Mitchell was handed a suspended six-week sentence on Tuesday, avoiding jail time for now. She was also sentenced two weeks for assault, after it came out that she slapped girlfriend Rebecca Brinkley during a fight—the same fight that prompted Mitchell to post four sexually explicit photos of Brinkley to Facebook.
Mitchell removed the photos after about 30 minutes once her mother told her that her actions were illegal, according to the Daily Mail.
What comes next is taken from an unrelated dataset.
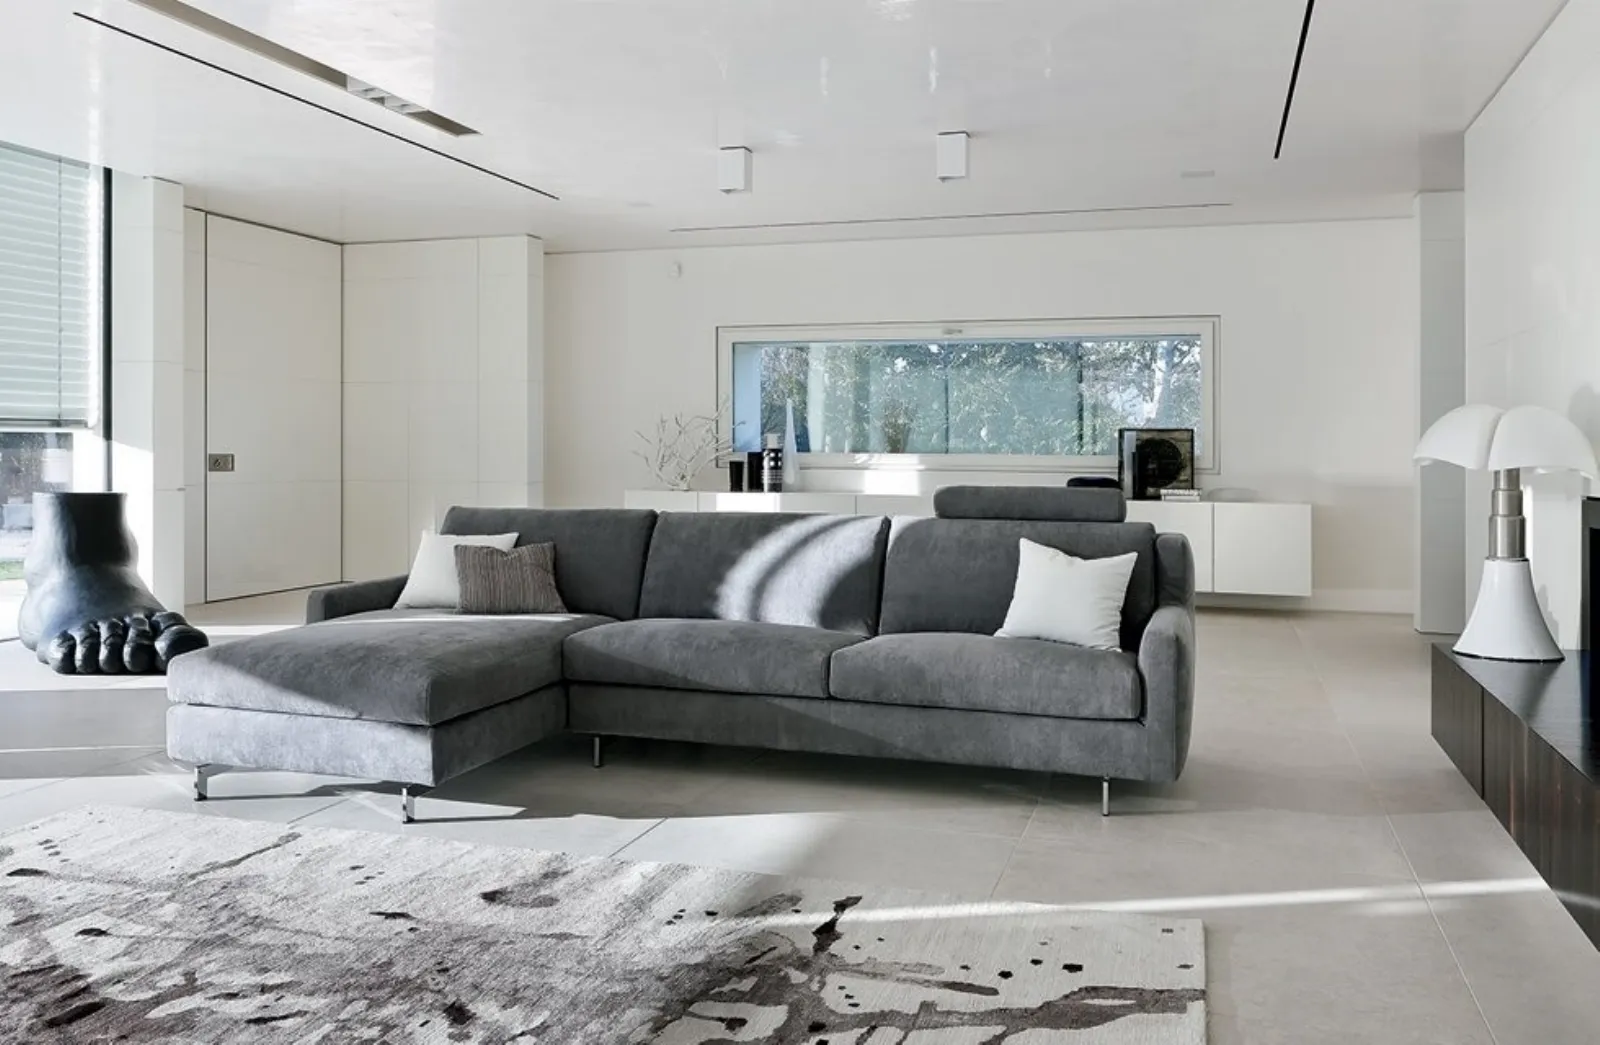 Outlet divani risparmiare con divani di pregio consigli for Design arredamento outlet

Regardless, friends of the couple (who had been together 14 months at the time) saw the photos and Brinkley said in a witness statement that the damage had been done.
“[The photos] made me feel embarrassed, embarrassed to walk down the street,” Brinkley said in court, reported the Telegraph. “People who I didn’t want to see my body have seen me [naked]. I don’t want to feel like that.”
The case highlights both the pervasive issue of domestic violence in same-sex relationships and the fact that revenge porn laws apply to everyone regardless of gender.
“These vengeful crimes are predominantly thought of as being carried out by men,” Deputy Chief Crown Prosecutor Joanna Coleman told the Daily Mail. “This sentencing will highlight that anyone can be guilty of this offence and regardless of the defendant’s gender, once reported, it will be taken seriously.
“Crimes where an intimate image of an individual is shared without their permission in such a public forum is invasive, humiliating and distressing for the victim and leaves them feeling violated,” Coleman said.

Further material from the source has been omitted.